> [Exercise aim]
Filter this data down to the lines that hold "фото", and copy them.

___ Dataset entries

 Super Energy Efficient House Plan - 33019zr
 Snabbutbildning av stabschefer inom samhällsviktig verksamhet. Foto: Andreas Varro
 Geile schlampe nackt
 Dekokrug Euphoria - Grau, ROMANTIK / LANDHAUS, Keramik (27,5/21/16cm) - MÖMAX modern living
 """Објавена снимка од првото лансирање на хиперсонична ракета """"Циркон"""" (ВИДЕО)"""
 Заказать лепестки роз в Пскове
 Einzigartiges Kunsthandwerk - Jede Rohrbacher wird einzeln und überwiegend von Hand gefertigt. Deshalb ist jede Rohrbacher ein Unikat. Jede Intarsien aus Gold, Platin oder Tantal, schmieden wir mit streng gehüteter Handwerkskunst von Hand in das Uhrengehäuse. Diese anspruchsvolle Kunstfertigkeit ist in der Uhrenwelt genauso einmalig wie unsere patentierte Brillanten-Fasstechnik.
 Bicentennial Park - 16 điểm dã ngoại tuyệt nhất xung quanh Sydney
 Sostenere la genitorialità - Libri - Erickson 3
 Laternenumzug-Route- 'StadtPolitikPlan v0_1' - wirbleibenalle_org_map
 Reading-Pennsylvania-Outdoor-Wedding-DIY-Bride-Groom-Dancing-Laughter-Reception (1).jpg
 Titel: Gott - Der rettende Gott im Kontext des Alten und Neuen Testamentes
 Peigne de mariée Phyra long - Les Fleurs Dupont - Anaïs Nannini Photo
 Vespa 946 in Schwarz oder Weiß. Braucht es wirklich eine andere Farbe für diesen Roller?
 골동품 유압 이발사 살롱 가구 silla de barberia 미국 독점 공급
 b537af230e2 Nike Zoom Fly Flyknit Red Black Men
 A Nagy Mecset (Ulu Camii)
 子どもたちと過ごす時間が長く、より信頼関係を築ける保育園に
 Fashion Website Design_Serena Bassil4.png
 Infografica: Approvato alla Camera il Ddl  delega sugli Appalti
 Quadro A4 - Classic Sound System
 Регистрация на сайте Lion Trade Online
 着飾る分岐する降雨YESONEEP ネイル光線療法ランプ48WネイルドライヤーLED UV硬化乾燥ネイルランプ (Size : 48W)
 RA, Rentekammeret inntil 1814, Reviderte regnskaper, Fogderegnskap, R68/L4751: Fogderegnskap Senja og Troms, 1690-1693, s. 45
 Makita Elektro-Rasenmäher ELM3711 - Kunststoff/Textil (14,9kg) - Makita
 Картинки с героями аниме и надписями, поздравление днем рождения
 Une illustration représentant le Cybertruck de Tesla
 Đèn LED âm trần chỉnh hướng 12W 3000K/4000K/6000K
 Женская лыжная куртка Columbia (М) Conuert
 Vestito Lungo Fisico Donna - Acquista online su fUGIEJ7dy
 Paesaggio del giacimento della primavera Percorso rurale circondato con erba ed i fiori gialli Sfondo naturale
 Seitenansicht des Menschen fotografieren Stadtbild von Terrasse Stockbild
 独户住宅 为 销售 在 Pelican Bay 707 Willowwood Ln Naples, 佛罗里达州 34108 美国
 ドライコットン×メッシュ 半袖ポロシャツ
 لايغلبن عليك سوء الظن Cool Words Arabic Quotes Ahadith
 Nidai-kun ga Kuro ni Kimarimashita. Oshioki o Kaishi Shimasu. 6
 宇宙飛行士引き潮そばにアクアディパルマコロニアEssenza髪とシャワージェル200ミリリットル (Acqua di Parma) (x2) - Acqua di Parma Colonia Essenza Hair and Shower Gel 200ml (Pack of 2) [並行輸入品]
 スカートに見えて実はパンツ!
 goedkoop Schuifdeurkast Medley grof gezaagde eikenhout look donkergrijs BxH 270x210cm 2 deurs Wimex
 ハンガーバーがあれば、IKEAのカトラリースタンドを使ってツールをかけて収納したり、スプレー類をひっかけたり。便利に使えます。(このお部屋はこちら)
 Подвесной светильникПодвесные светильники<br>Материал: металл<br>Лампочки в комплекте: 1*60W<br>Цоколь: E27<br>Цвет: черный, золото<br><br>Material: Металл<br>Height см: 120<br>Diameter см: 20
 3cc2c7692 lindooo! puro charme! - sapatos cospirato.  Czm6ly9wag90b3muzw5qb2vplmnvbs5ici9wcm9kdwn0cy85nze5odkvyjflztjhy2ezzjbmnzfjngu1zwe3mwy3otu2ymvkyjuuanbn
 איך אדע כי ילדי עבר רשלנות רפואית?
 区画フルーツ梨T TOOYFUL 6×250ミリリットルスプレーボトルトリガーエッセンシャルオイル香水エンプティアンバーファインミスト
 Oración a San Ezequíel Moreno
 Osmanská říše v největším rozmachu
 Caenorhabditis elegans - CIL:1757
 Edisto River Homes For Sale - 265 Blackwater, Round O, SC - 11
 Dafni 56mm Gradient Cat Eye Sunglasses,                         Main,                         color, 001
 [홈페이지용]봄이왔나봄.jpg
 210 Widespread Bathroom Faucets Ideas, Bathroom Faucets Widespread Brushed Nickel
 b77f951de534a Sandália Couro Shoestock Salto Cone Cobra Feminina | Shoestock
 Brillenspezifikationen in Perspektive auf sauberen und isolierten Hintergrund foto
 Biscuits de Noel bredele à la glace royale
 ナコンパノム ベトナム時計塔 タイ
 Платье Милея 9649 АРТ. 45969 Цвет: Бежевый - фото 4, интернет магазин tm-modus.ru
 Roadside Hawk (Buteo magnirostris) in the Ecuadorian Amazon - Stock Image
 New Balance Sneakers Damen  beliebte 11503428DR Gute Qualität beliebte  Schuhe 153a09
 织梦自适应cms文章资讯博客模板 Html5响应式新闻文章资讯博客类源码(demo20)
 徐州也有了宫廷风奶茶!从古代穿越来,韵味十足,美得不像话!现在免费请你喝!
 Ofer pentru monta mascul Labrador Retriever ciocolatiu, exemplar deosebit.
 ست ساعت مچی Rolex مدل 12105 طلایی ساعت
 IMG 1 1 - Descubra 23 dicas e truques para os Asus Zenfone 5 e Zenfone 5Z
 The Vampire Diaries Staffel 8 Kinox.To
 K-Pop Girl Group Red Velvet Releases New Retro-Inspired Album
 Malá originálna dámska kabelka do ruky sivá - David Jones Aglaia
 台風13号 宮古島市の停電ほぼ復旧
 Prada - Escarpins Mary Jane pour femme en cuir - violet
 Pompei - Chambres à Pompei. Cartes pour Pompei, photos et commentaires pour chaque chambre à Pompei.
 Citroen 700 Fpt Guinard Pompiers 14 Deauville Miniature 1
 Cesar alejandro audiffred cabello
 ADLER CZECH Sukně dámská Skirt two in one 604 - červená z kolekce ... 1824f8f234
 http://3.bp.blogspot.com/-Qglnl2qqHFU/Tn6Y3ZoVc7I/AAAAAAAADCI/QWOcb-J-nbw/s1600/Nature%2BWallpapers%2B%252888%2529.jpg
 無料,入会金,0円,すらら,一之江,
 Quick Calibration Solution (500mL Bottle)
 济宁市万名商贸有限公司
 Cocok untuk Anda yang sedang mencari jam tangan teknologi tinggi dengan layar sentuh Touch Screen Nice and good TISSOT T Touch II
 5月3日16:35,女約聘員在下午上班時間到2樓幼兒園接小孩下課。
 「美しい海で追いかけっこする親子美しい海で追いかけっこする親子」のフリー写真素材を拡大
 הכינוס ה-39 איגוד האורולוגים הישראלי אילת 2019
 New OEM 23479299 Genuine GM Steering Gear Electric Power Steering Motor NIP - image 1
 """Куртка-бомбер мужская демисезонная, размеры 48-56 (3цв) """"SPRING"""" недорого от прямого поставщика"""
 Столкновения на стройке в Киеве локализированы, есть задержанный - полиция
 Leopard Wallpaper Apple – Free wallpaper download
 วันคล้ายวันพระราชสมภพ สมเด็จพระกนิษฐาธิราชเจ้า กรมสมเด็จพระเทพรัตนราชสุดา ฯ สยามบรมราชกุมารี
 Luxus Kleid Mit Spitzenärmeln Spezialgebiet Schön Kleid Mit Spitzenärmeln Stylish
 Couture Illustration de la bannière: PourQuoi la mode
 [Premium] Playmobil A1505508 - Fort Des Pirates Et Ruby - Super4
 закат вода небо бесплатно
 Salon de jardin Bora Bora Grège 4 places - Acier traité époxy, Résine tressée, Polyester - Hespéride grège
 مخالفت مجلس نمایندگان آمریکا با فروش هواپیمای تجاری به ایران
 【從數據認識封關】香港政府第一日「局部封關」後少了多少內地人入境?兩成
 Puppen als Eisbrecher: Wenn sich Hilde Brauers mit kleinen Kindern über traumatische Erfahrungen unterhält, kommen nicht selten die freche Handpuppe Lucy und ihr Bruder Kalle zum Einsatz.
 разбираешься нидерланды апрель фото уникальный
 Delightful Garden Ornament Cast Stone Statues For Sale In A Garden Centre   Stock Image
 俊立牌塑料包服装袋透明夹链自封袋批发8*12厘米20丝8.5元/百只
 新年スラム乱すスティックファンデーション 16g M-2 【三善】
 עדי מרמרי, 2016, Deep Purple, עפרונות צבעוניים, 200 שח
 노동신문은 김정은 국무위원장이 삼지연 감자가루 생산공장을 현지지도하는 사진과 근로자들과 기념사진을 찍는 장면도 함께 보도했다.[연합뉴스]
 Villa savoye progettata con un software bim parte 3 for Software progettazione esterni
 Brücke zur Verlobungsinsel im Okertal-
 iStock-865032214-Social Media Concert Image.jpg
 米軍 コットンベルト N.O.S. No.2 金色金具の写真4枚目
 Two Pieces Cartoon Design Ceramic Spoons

______

> [Task output]
 Платье Милея 9649 АРТ. 45969 Цвет: Бежевый - фото 4, интернет магазин tm-modus.ru
 разбираешься нидерланды апрель фото уникальный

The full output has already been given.